Resenha MEMÓRIAS DE UM CÃO - Por Elena Vássina

A história de loucura no contexto da atualidade.
Memórias de um Cão, direção de Márcio Marciano.

Coletivo Alfenim (João Pessoa).
Elena Vássina

 O coletivo Alfenim, sob direção de Márcio Marciano, abriu o Festival Recife 2016 no belíssimo Teatro de Santa Isabel apresentando a história de Rubião, um tragicômico personagem machadiano que, ao ter herdado uma fortuna de seu amigo Quincas, é transformado de repente de “professor em capitalista” e decide mudar para a Corte, onde ele vive na pele a principal máxima do Humanitismo: “ao vencido, ódio ou compaixão; ao vencedor, as batatas”.

As peripécias da história de Rubião são narradas pelos olhos do cão – daqui vem o título da peça que mescla também o nome do outro romance de Machado. Este cão, que se chama igual ao seu dono Quincas Borba, na atuação criativa, lúdica e cheia de delicadeza de Paula Coelho, é a única voz lírica na polifonia das outras vozes dos personagens humanos (que, aliás, no desenrolar da narrativa cênica se revelam como absolutamente desumanos), dos fantoches e das máscaras. No fim das contas, é o cão que, paradoxalmente, se torna uma figura mais humanista (ao contrário do Humanitismo que reina no mundo ao redor) e sedutora do espetáculo, a única que evoca empatia da plateia.  (Peço perdão pelo aparte, mas não posso não lembrar do outro e bem diferente, mas não menos fascinante personagem-cachorro criado por Servílio Gomes em Vau da Sarapalha). E talvez essa figura cênica do cão seja no espetáculo o reflexo mais fiel da quintessência do universo machadiano, pleno de sutilezas de meio tons, de complexidade dos tipos e de um inconfundível olhar irónico.

Ao ter encontrado realmente “um achado” –  o texto maravilhoso do “Quincas Borba”, de Machado de Assis, o Coletivo Alfenim conseguiu revelar nele (e também nas referências às outras obras machadianas) uma surpreendente atualidade. Sabe-se que um dos dons fantásticos que une as obras clássicas é a capacidade de desvelar os novos sentidos assim que elas entram no contexto de atualidade. Uma experiência verdadeiramente inovadora na interpretação diretorial de obra clássica liberta-a daquilo que já nos parece óbvio e banal no texto notório, criando “um estranhamento” (se usarmos o termo do formalismo russo) que faz que nossa percepção habitual, automática, ou seja, nosso “reconhecimento” de obra transformassem em uma “visão” viva e instigante.

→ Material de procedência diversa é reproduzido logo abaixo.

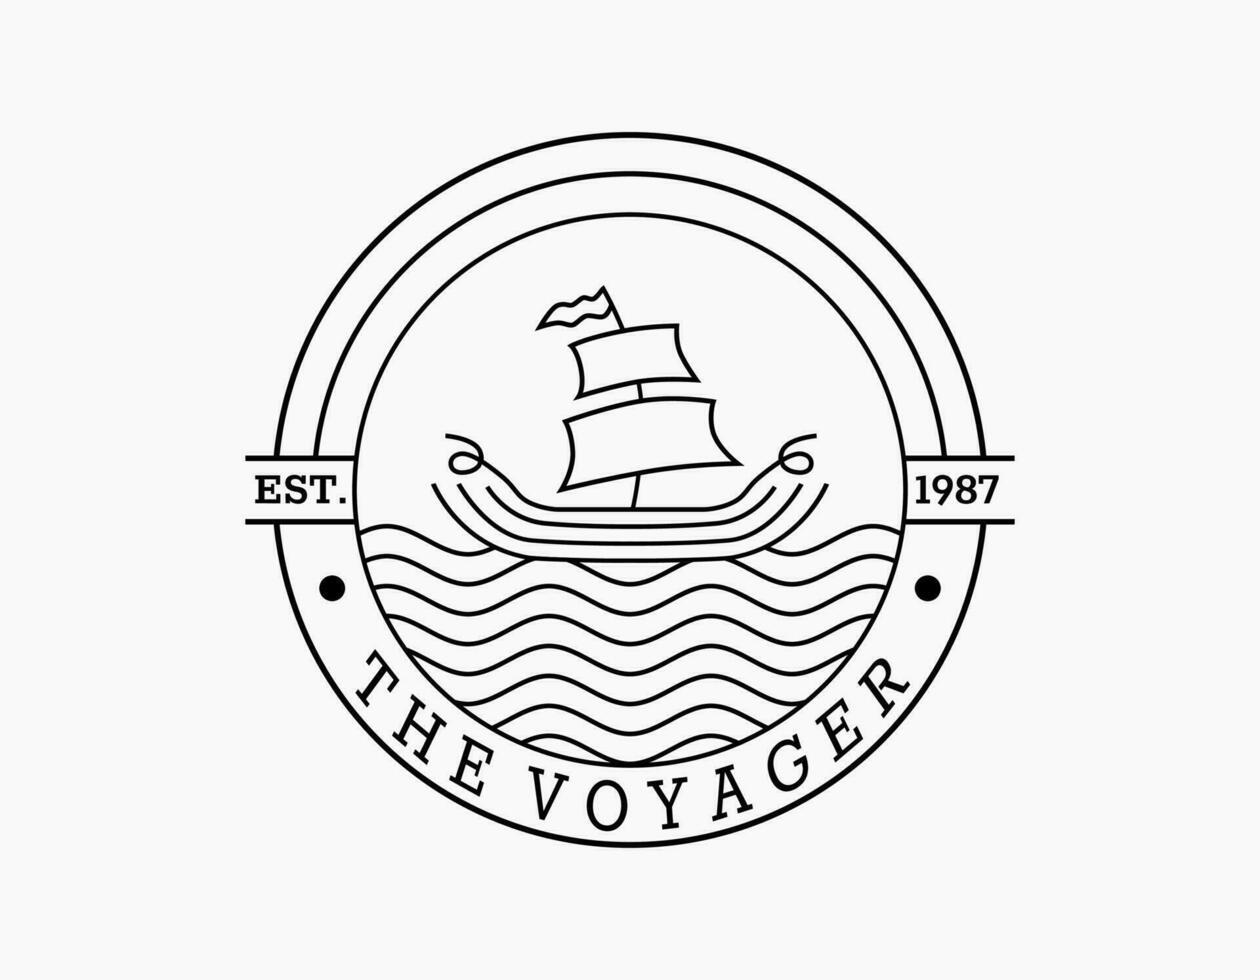 wijnoogst zeilboot logo. de reiziger retro van een zeil boot. de circulaire logo is ontworpen met boot en golvend oceaan. elegant logo voor koffie, strand, bedrijf, reis, museum, zeevruchten, marinier, visser. vector

É exatamente isso que acontece na direção perspicaz de Márcio Marciano que, junto com o ensemble afinadíssimo dos atores e dos músicos apresenta no palco os personagens e os acontecimentos da remota época machadiana de tal jeito como se tudo passasse no Brasil de aqui e de agora. E para conseguir isso nem foi preciso vestir os personagens de roupas modernas, nem desconstruir o texto clássico.

As ultimas cenas de loucura de Rubião (na excelente atuação de Adriano Cabral) que veste o paletó as avessas, como se fosse uma camisa de força, criam uma imagem cênica forte que metaforicamente condensa toda a loucura social e política dos tempos presentes, e não apenas no Brasil. Como falou Mikhail Bakhtin, “Cada época reacentua a seu modo as obras de um passado recente. A vida histórica das obras clássicas é, em suma, um processo ininterrupto de sua reacentuação sócio-ideológica.”